## [Dataset excerpt]
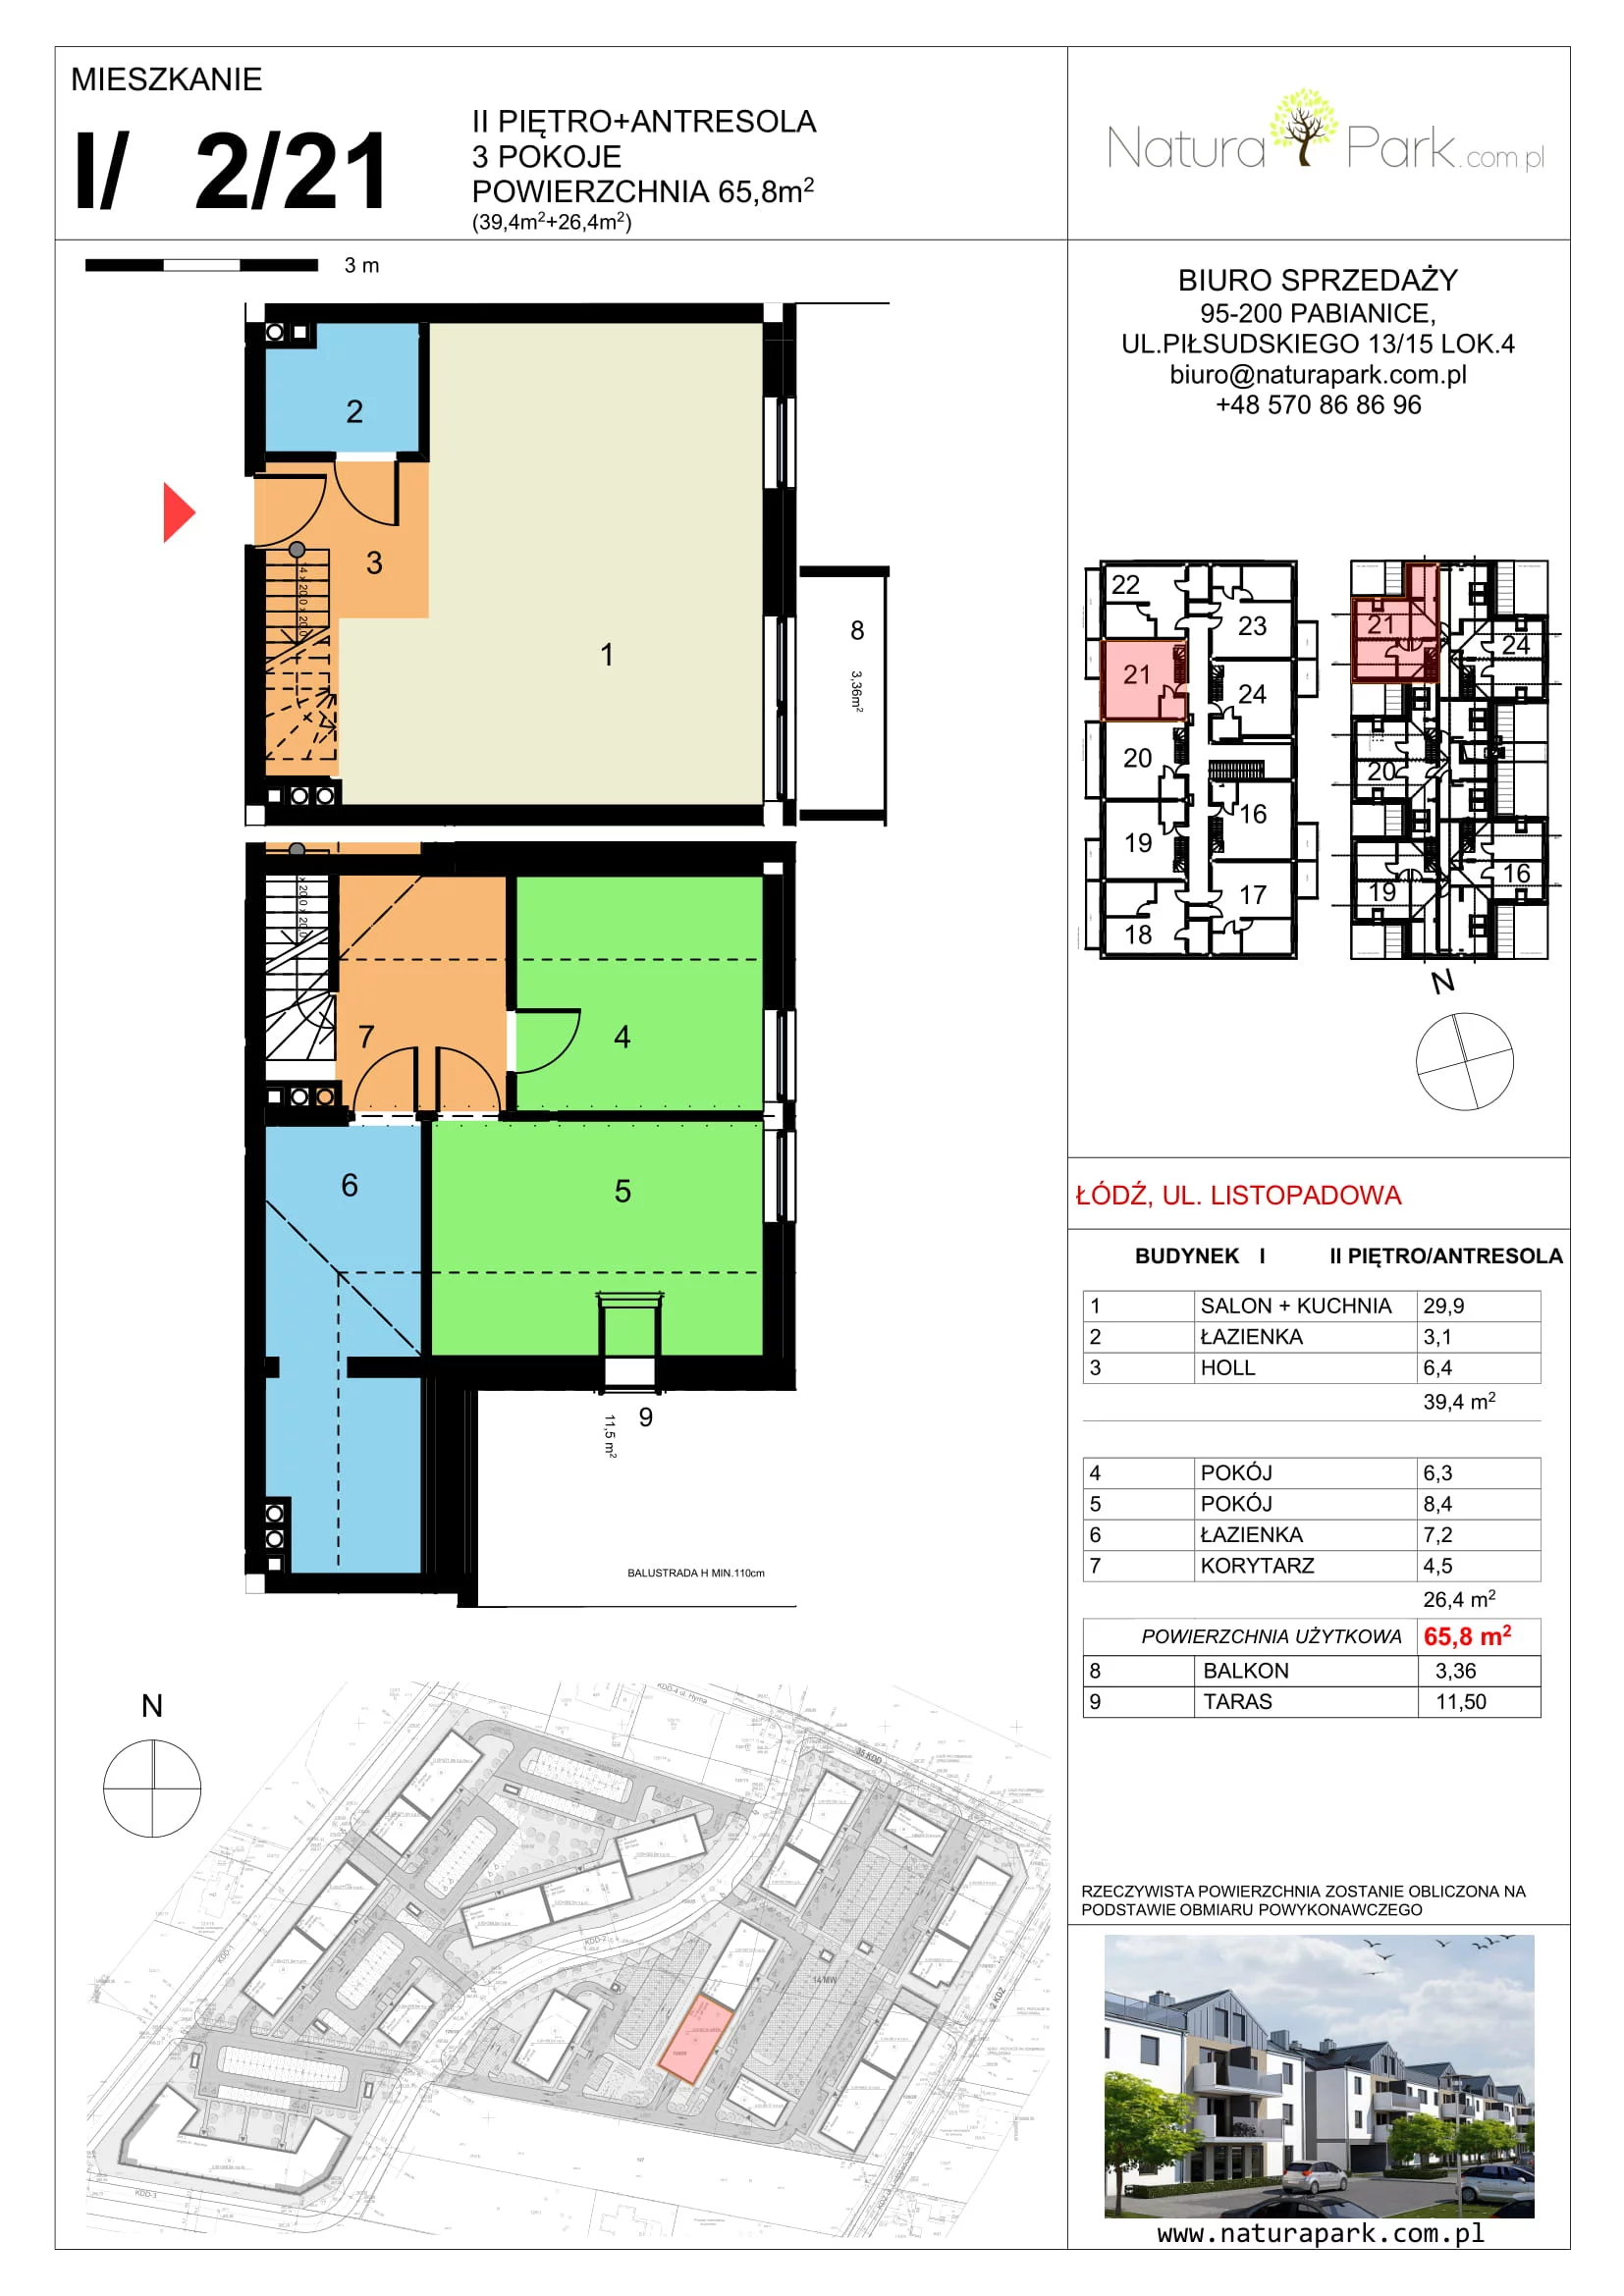 Mieszkanie 65,33 m², piętro 2, oferta nr I/2/21, Natura Park, Łódź, Widzew, Dolina Łódki, ul. Listopadowa
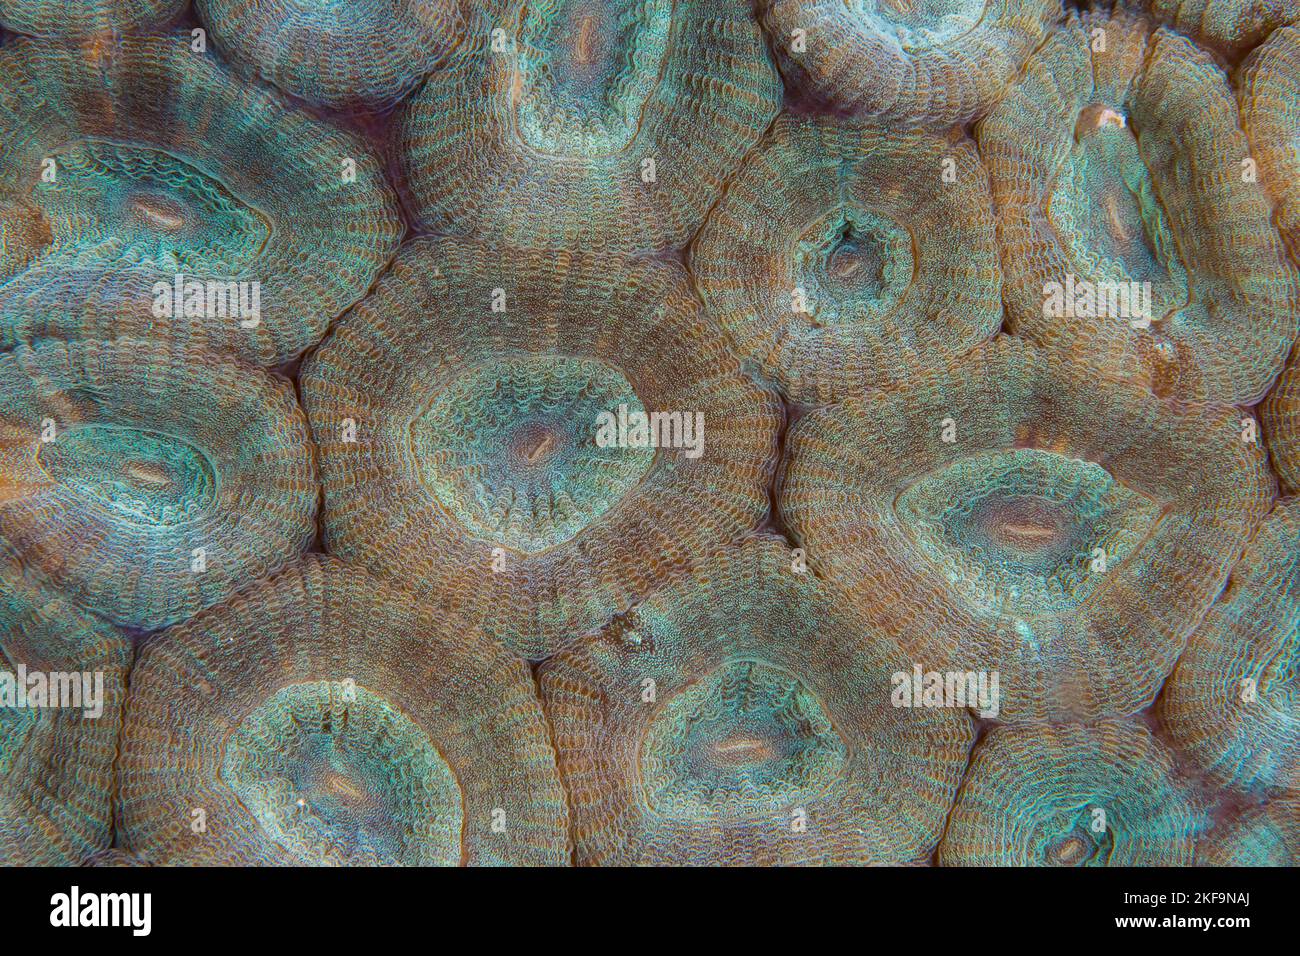 Nahaufnahme einer detaillierten, farbenfrohen Ansicht gesunder Korallenpolypen Stockfoto
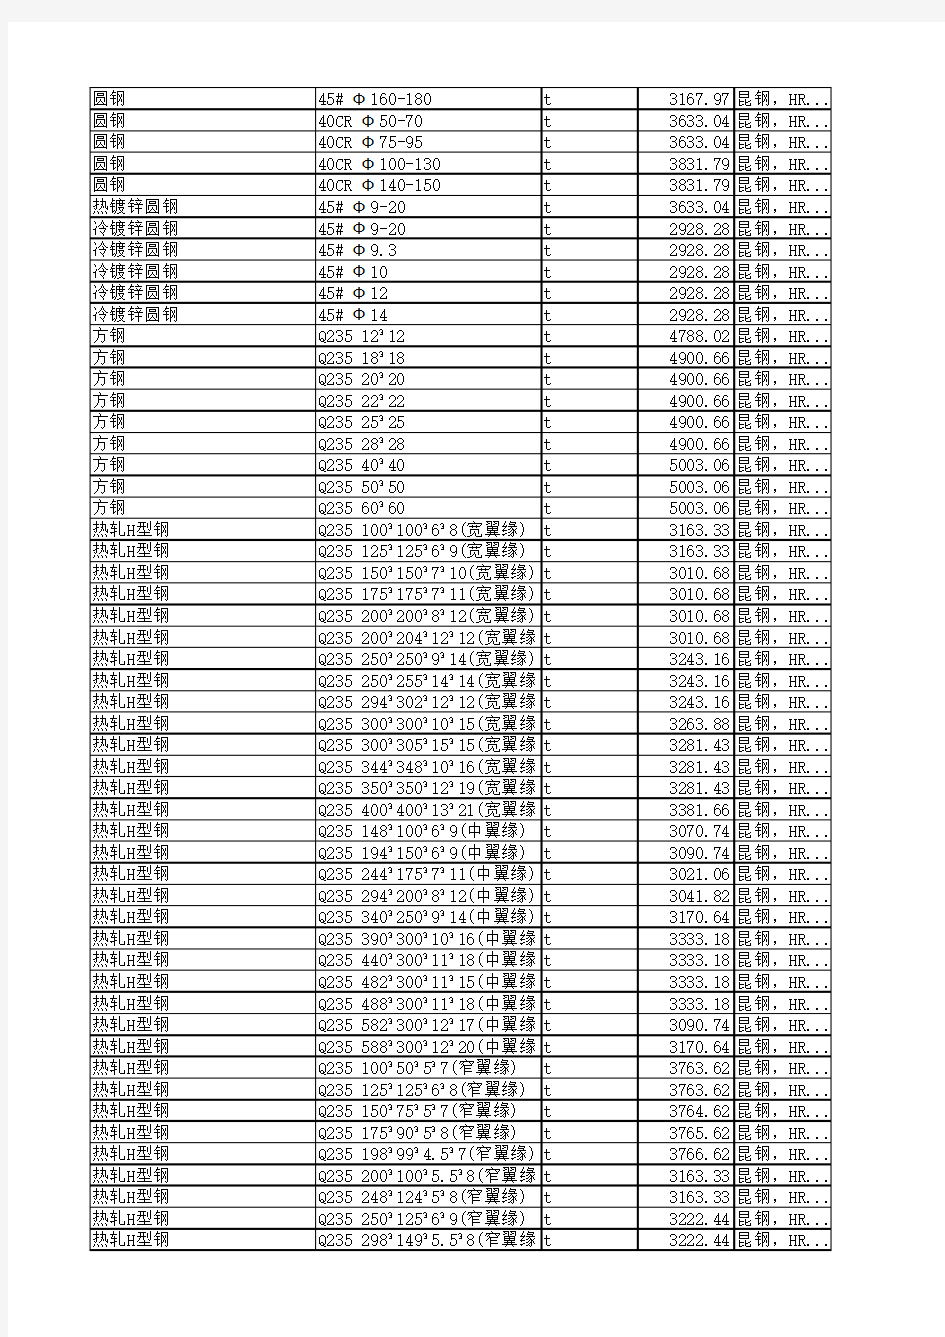 昭通市材料信息价2015年9月

## [Task item]
When you reach the line that contains "Nahaufnahme einer detaillierten, farbenfrohen", start copying the listing word for word and stop only after its last line, without any pictures.

## [Exercise response]
 Nahaufnahme einer detaillierten, farbenfrohen Ansicht gesunder Korallenpolypen Stockfoto
 昭通市材料信息价2015年9月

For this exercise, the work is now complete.